422 F.2d 169 | 5th Cir. | 1970
Lead Opinion
This case presents the frequently encountered question of whether the National Labor Relations Board properly concluded that a company [Frito-Lay, Inc.] had violated § 8(a) (5) and (1) of the Act by refusing to bargain with the certified representative of a unit of its employees. The Company petitions for review and the Board has filed a cross application for enforcement. We find that the Order is due to be enforced.
The secret ballot election was held at the Company’s Orlando, Florida, plant
The Company then filed exceptions with the Board. These were overruled and the Union was certified as the exclusive bargaining representative of the employees in the unit.
The Company refused a request to bargain, unfair labor practice charges were filed, and a complaint was issued. The Company answered. The General Counsel then moved the Board to grant summary judgment for lack of a triable issue. After a show cause order the summary judgment was granted, 175 N.L.R.B. No. 156 [May 9,1969].
The objections originally filed by Frito-Lay read as follows:
“A part of the election in this case was held at the Orlando Plant of the Employer on July 12, 1968 between the hours of 5 p.m. and 5:45 p.m. The ballot box was just inside the front door of the plant. During the conduct of this portion of the election, two salesmen who were employees in the unit and were eligible to vote stood outside the building, within seventy-five feet of the ballot box and waylaid salesmen in the unit arriving to vote as they entered the building from the parking area. These two salesmen carried on illegal electioneering at this location as the other salesmen in the unit approached the ballot box to vote, all of which electioneering was carried on during the conduct of the election.
The Board representative who conducted the election, Mr. W. W. Hunt, was made aware of the fact of such electioneering by Mr. John Hoffman, the Zone Employee Relations Manager, who had learned of it from the Employer’s Division Sales Manager, Mr. Claude Hipps, who observed such conduct while entering the plant. By the time the Board representative had been notified of such electioneering, at least one employee eligible to vote had been contacted by the two salesmen engaged in such electioneering.”
The Company additionally contended that, unknown to it, a rumor was circulated prior to the election that if the Union lost the election five named employees, known to be supporting the Union, would be fired. The record does not reveal the source of this rumor. One member of the unit gave it as his opinion, after the fact, without further elaboration or corroboration, that the rumor caused the Company to lose the election.
The original objections failed to show in what way the alleged electioneering activity outside the building adversely affected the traditionally required laboratory conditions for the conduct of National Labor Relations Board elections. The Company was content merely to allege the occurrence and pray that the election be set aside It asserted that only one employee was thus contacted but that employee swore in an affidavit filed by the Company that when told by Lambert and Whalen that they needed all the votes they could get he replied that he did not have time to fool with them, forthwith entered the building, cast his vote, and departed the vicinity. His version of the occurrence negates rather than supports any notion of intimidation, influence, or interference. Telling would-be canvassers that one does not have time to fool with them constitutes a rather curt and fearless dismissal.
To obtain a hearing in post-election representation proceedings the objecting party must supply prima facie evidence, presenting substantial and material factual issues which would warrant setting aside the election, N.L.R.B. v. Smith Industries, Inc., 5 Cir., 1968, 403 F.2d 889.

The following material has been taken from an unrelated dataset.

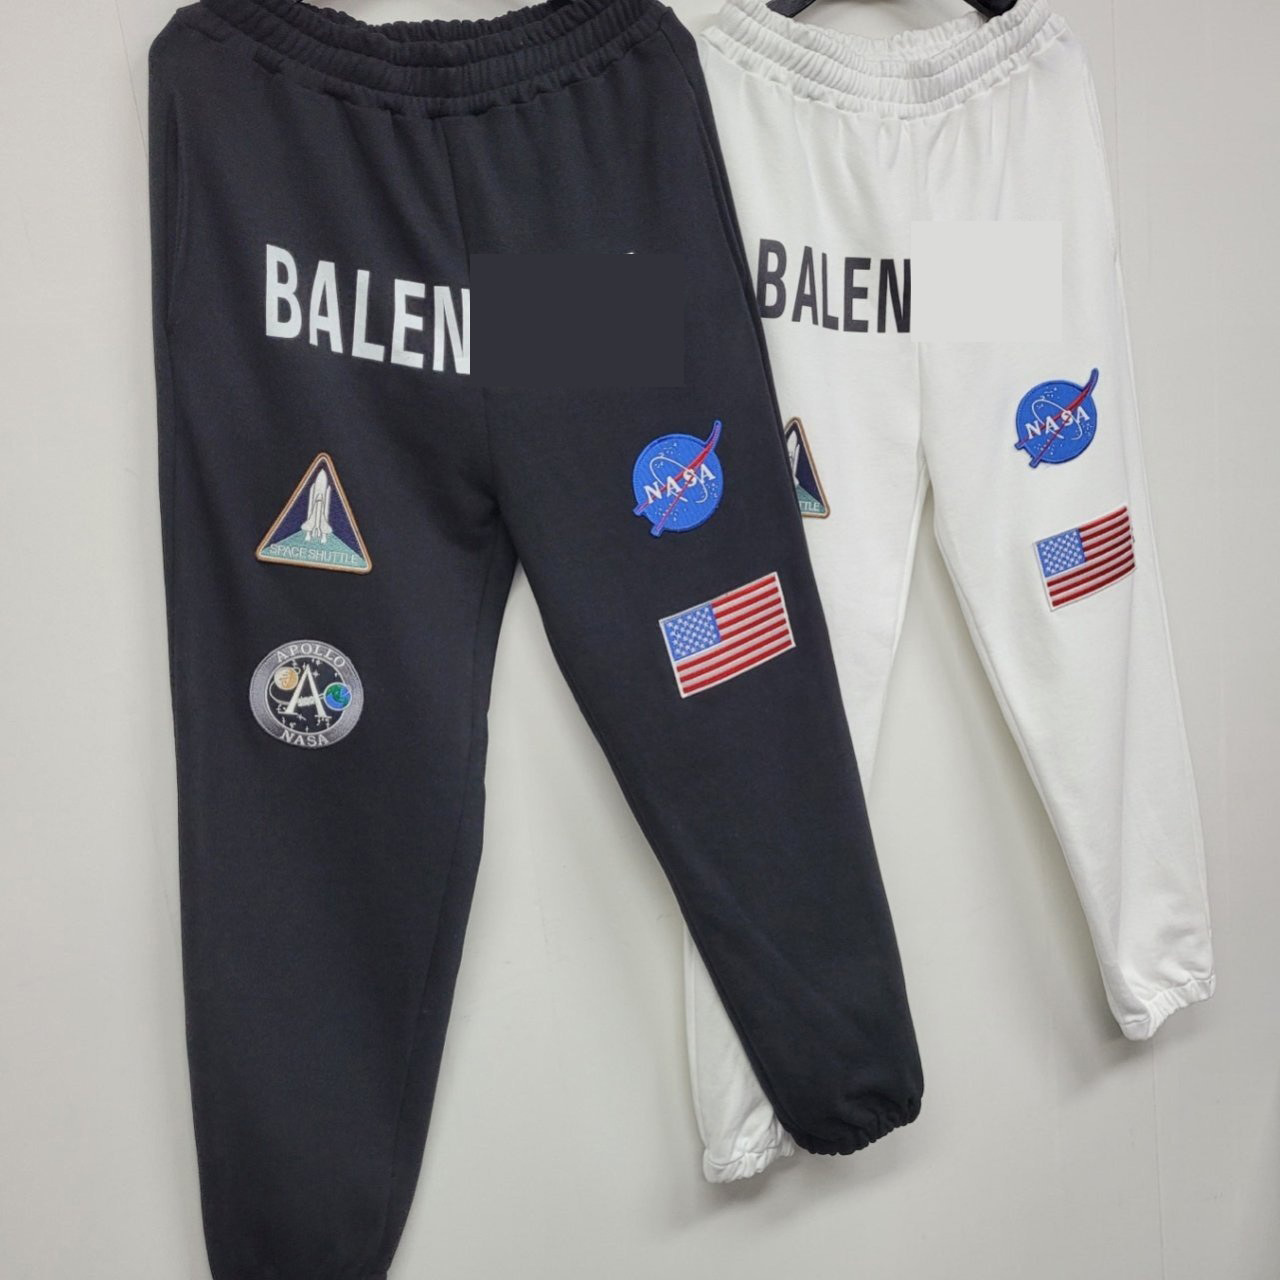 발렌 X NASA 스페이스 조거 팬츠

Diligent Counsel for the Company have filed a most able brief of the law on the subject. Their efforts, however, fail or lack of substantial and material factual issues.
There are cases in which this Court has directed hearings in post-election representation proceedings. They are exhaustively classified and collated in one of our most recent decisions, National Labor Relations Board v. Golden Age Beverage Company, 5 Cir., 1969, 415 F.2d 26. A reading of this case obviates any necessity for further plowing, replowing, or subsoiling this field. See, also, Bush Hog, Inc. v. National Labor Relations Board [December 18, 1969] 420 F.2d 1266; National Labor Relations Board v. National Beverages, Inc. [October 23, 1969] 418 F.2d 206.
The Order of the Board will be
Enforced.
Rehearing
ON PETITION FOR REHEARING AND PETITION FOR REHEARING EN BANC
The Petition for Rehearing is Denied and no member of this panel nor Judge in regular active service on the Court having requested that the Court be polled on rehearing en bane, (Rule 35 Federal Rules of Appellate Procedure; Local Fifth Circuit Rule 12) the Petition for Rehearing En Banc is Denied.